Norman Lebrecht
Sinfini Music
April 2015

It has been 40 years since Deutsche Grammophon issued one of its most surprising best-sellers of all time, a selection of delicate piano leaves by a Norwegian composer famed for orchestral thunder. No-one expected the Russian pianist Emil Gilels to show up in Berlin with Grieg’s music in 1974, and the pianist complicated matters further by refusing to say in advance which pieces he was about to play and in what order. The resultant album went on to become a legend.

Four decades later, a British pianist with a mind of his own has set about the pieces—in a different order, not all the same ones and from a contemporary perspective. Stephen Hough has a heavier touch than Gilels, more in keeping with Grieg’s marching trolls and mountain kings. He’s also good at storytelling in pieces like ‘Solitary Traveller’ and ‘Wedding Day at Troldhaugen’, though I’m not quite sure what’s meant to be going on in the one called 'Erotikon' (which Gilels prudishly omitted).

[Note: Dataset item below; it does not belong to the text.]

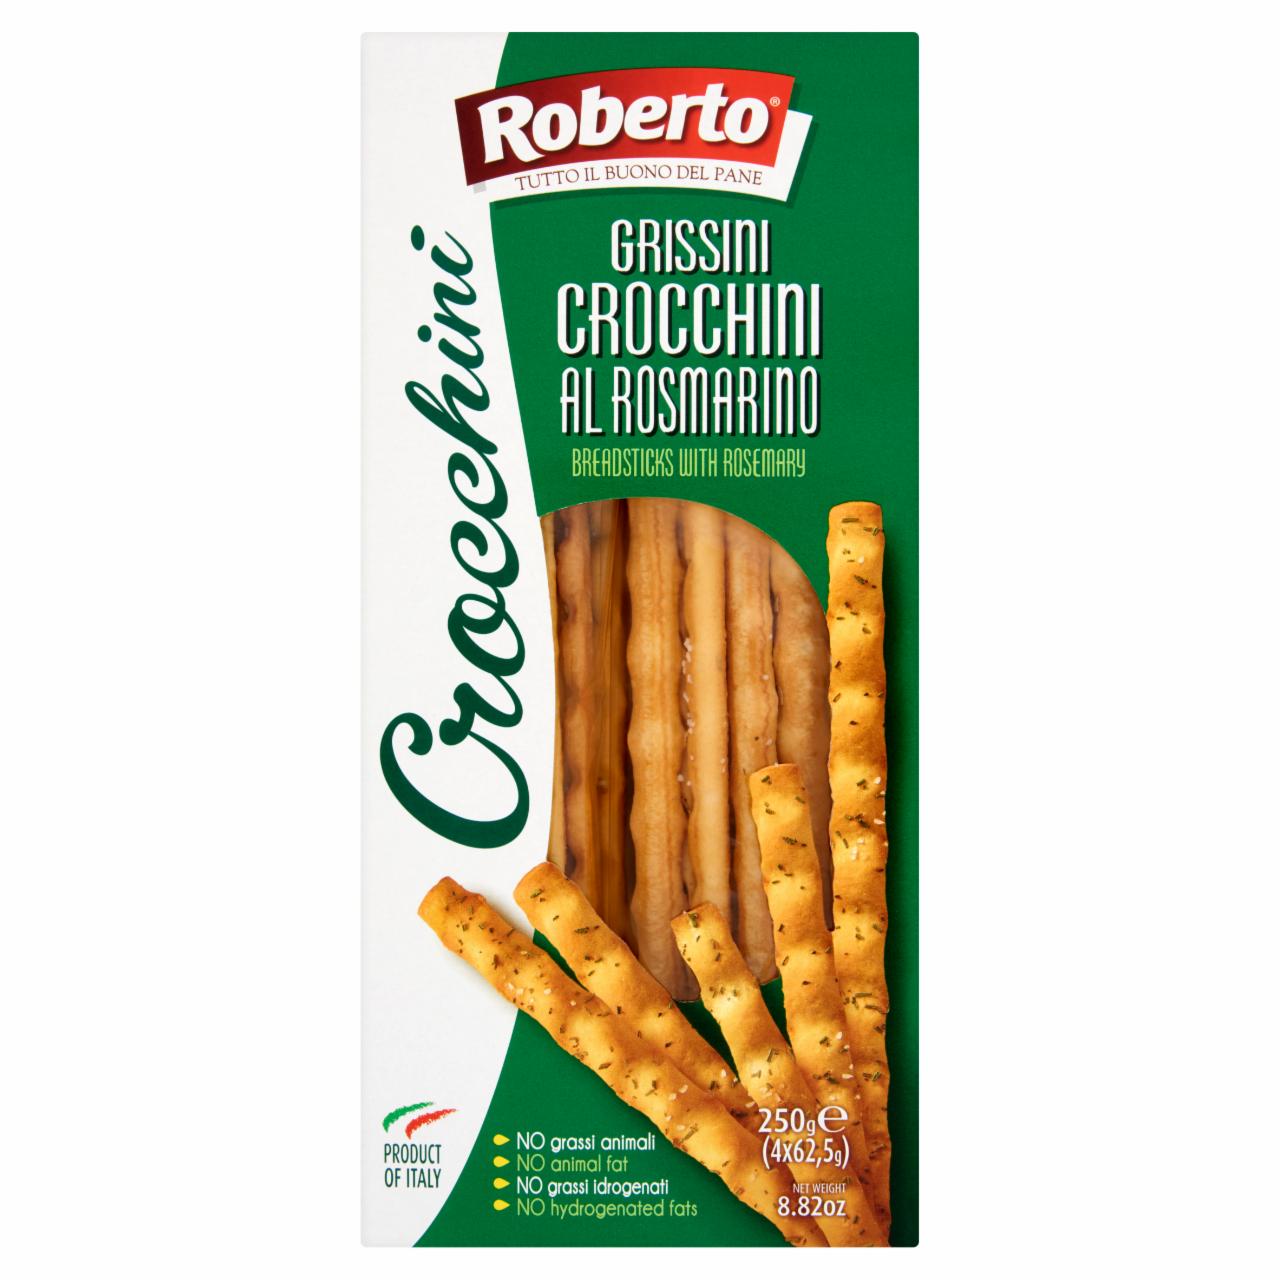 Képek - Crocchini kenyérrudak pálmaolajjal és rozmaringgal Roberto

There is any amount of magic in these miniatures and an infinite variety of mood in ‘Homesickness’ and ‘Summer’s Eve’. Grieg wrote piano music throughout his life, from an Arietta of the 1860s to a 1901 leaf of 'Remembrances' that has no end, leaving us dangling in the air. Hough’s set is a worthy successor to Gilels, and that’s saying a lot. My sole reservation is the piano sound, which is a trifle clipped and takes some getting used to. A Yamaha CFX, the booklet says. On second hearing, it sounds a little softer.